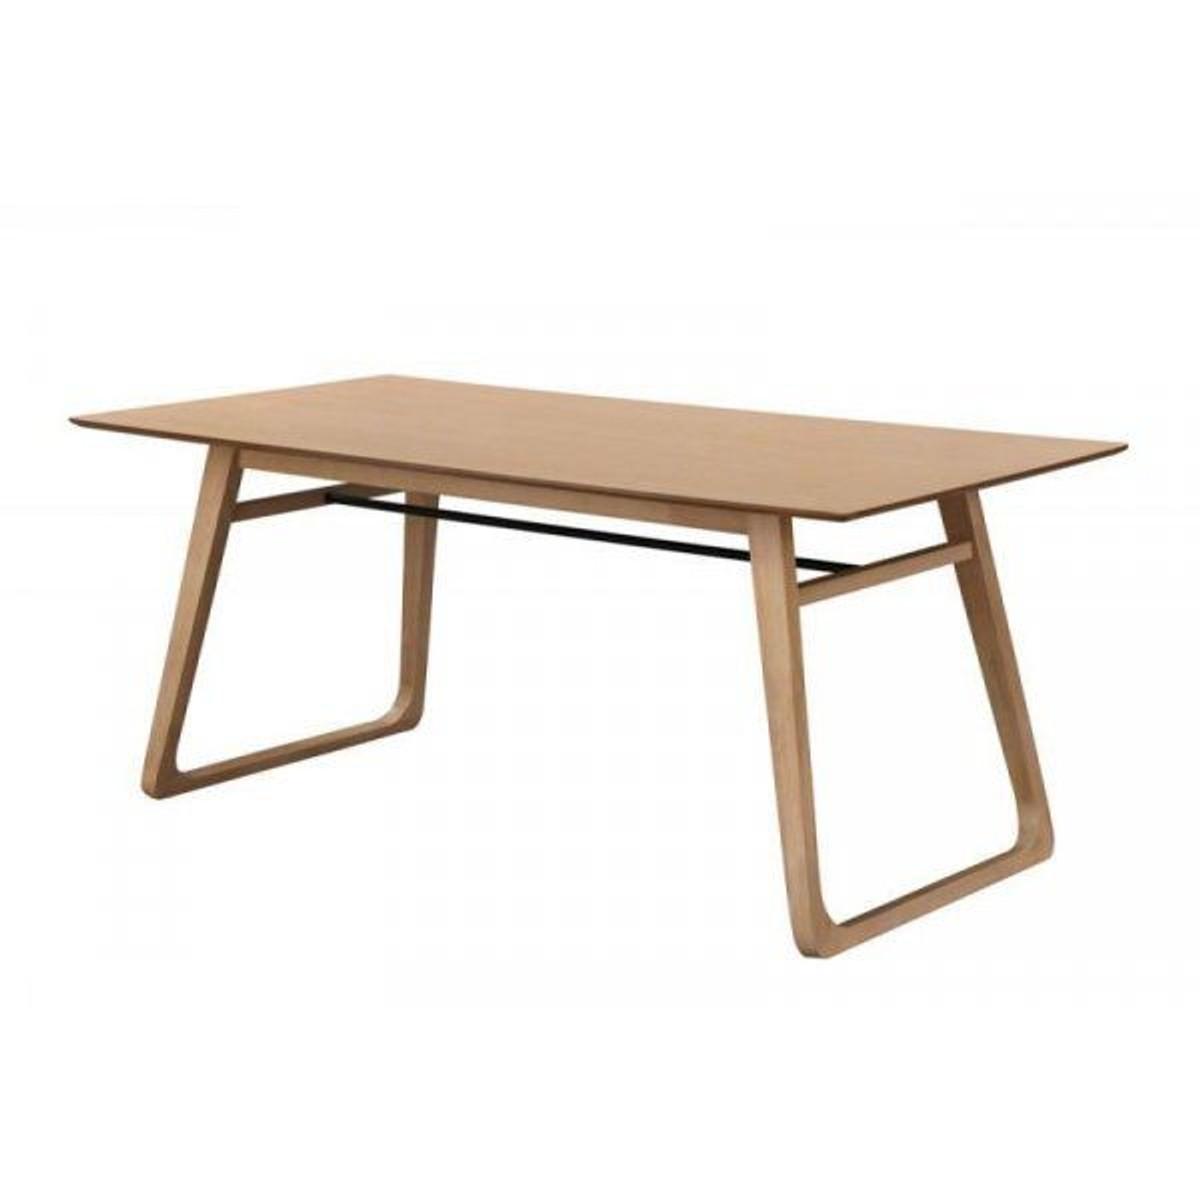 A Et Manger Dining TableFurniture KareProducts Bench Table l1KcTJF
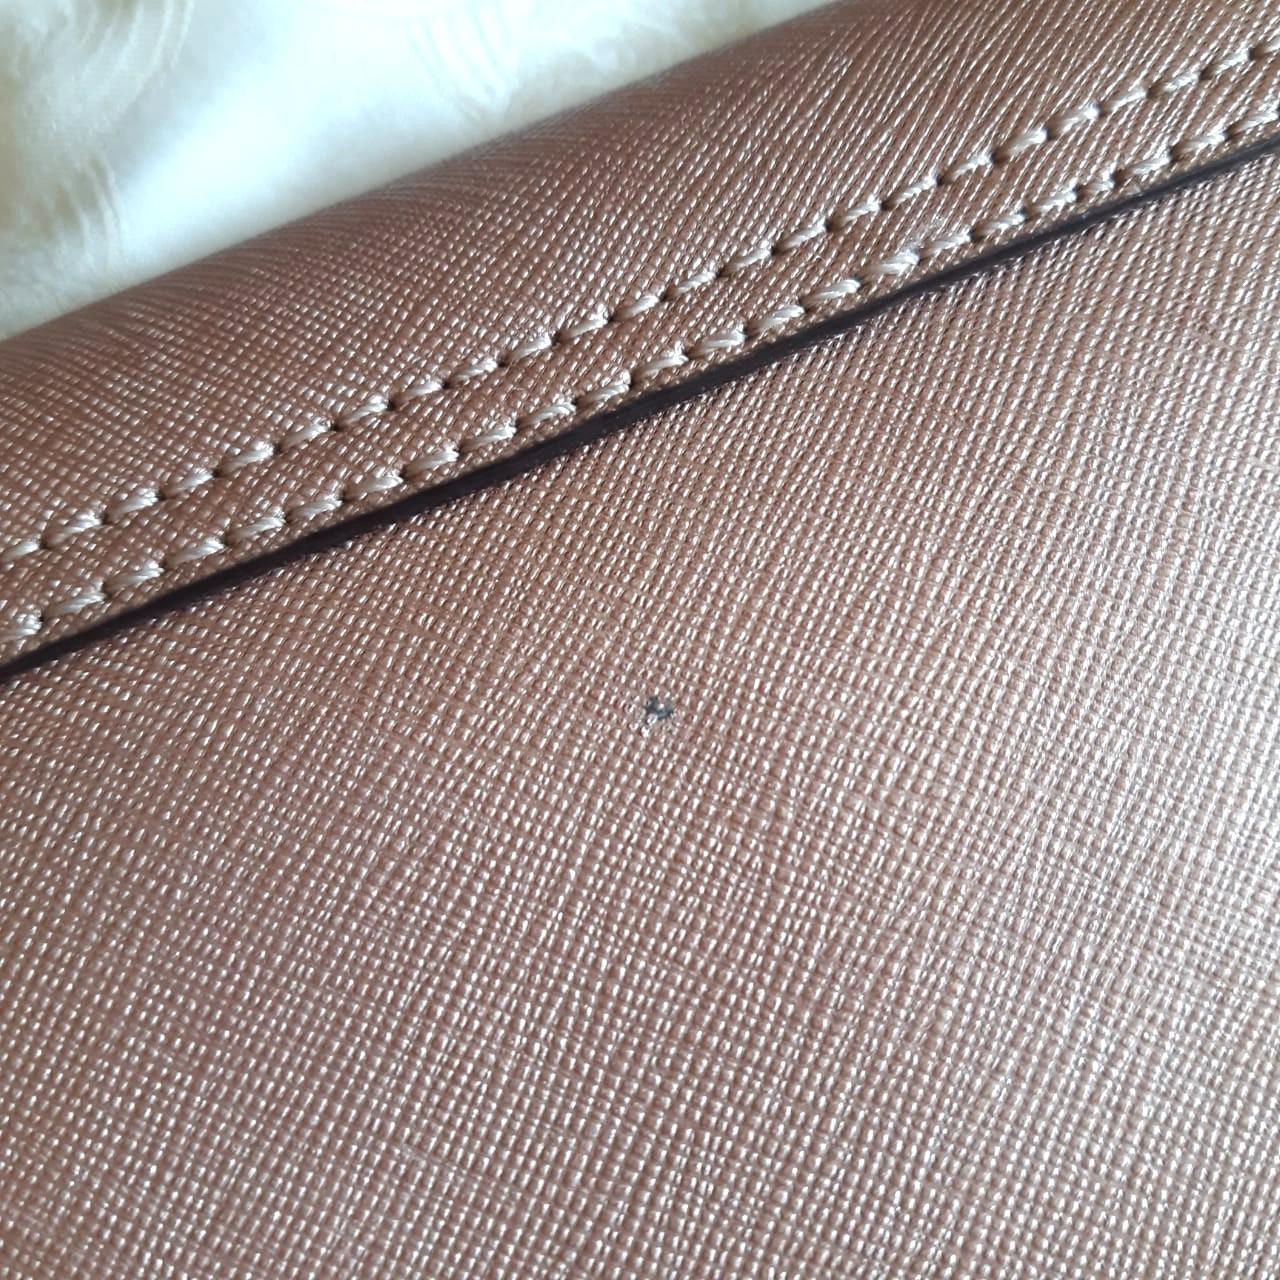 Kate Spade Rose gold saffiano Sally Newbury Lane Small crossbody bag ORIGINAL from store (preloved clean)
--
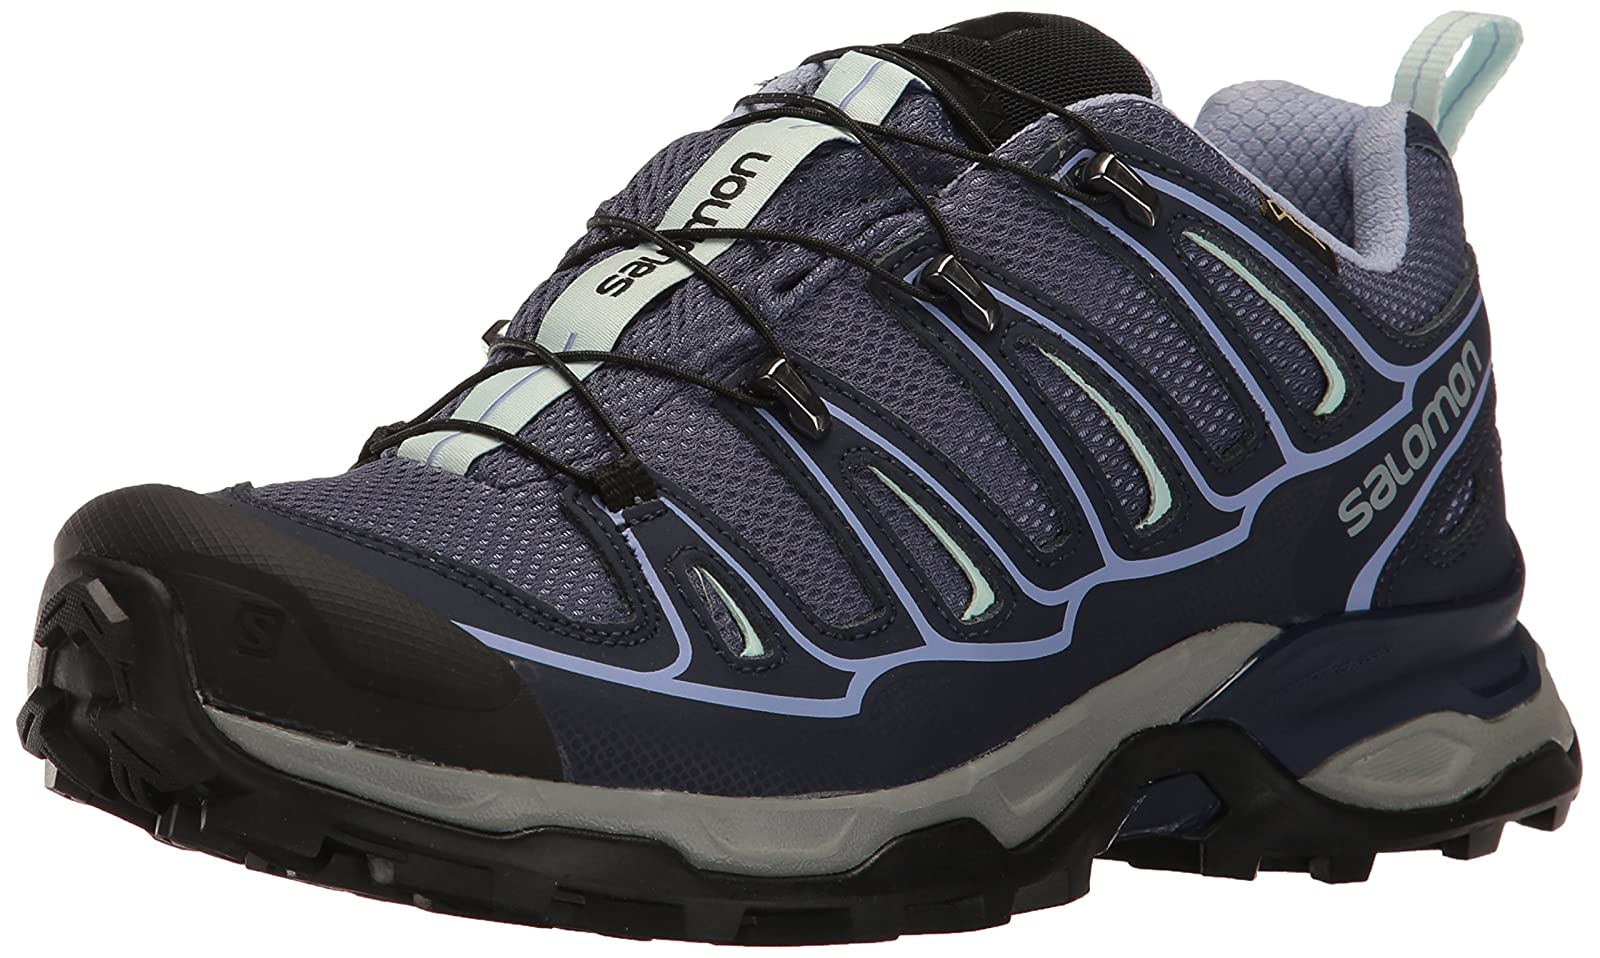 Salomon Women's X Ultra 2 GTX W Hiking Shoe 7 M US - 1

**EXERCISE**
The expected output is the lines above from the one containing "A Et Manger" to the one containing "Kate Spade Rose", both ends included, reproduced exactly with every picture left out.

**WORKED SOLUTION**
 A Et Manger Dining TableFurniture KareProducts Bench Table l1KcTJF
 Kate Spade Rose gold saffiano Sally Newbury Lane Small crossbody bag ORIGINAL from store (preloved clean)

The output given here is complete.